AIM OF THE TASK — Print each line from the start of the records below up through the line where "Nomar-Garciaparra-Baseball-Homes-CNBC.jpg" is found, exactly as given.

━━━━━━━━━━

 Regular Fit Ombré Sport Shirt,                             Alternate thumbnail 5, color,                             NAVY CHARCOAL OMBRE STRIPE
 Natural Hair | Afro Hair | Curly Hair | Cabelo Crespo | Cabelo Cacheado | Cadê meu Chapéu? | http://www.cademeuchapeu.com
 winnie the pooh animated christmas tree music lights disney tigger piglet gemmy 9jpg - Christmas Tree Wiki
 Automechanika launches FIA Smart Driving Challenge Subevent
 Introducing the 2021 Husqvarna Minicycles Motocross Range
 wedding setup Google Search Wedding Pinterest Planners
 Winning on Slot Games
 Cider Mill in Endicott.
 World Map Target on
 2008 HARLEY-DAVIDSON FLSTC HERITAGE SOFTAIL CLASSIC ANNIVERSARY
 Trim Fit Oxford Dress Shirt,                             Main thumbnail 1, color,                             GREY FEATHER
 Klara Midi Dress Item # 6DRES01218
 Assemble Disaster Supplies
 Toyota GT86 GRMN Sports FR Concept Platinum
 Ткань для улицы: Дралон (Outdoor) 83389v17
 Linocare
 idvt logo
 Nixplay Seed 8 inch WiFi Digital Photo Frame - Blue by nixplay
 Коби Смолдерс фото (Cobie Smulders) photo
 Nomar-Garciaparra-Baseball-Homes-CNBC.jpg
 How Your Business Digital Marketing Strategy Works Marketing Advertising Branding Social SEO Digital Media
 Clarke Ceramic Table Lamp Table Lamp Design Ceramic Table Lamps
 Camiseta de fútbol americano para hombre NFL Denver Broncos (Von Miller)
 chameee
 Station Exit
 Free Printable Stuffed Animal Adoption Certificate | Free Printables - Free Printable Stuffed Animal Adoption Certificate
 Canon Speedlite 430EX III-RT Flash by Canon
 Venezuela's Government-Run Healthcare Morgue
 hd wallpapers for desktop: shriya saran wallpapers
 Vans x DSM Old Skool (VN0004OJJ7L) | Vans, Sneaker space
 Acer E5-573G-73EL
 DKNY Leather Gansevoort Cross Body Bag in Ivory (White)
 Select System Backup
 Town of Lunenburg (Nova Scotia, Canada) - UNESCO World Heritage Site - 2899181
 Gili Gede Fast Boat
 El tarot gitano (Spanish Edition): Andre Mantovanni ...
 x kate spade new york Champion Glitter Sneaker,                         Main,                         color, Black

━━━━━━━━━━

RESPONSE BELOW —
 Regular Fit Ombré Sport Shirt,                             Alternate thumbnail 5, color,                             NAVY CHARCOAL OMBRE STRIPE
 Natural Hair | Afro Hair | Curly Hair | Cabelo Crespo | Cabelo Cacheado | Cadê meu Chapéu? | http://www.cademeuchapeu.com
 winnie the pooh animated christmas tree music lights disney tigger piglet gemmy 9jpg - Christmas Tree Wiki
 Automechanika launches FIA Smart Driving Challenge Subevent
 Introducing the 2021 Husqvarna Minicycles Motocross Range
 wedding setup Google Search Wedding Pinterest Planners
 Winning on Slot Games
 Cider Mill in Endicott.
 World Map Target on
 2008 HARLEY-DAVIDSON FLSTC HERITAGE SOFTAIL CLASSIC ANNIVERSARY
 Trim Fit Oxford Dress Shirt,                             Main thumbnail 1, color,                             GREY FEATHER
 Klara Midi Dress Item # 6DRES01218
 Assemble Disaster Supplies
 Toyota GT86 GRMN Sports FR Concept Platinum
 Ткань для улицы: Дралон (Outdoor) 83389v17
 Linocare
 idvt logo
 Nixplay Seed 8 inch WiFi Digital Photo Frame - Blue by nixplay
 Коби Смолдерс фото (Cobie Smulders) photo
 Nomar-Garciaparra-Baseball-Homes-CNBC.jpg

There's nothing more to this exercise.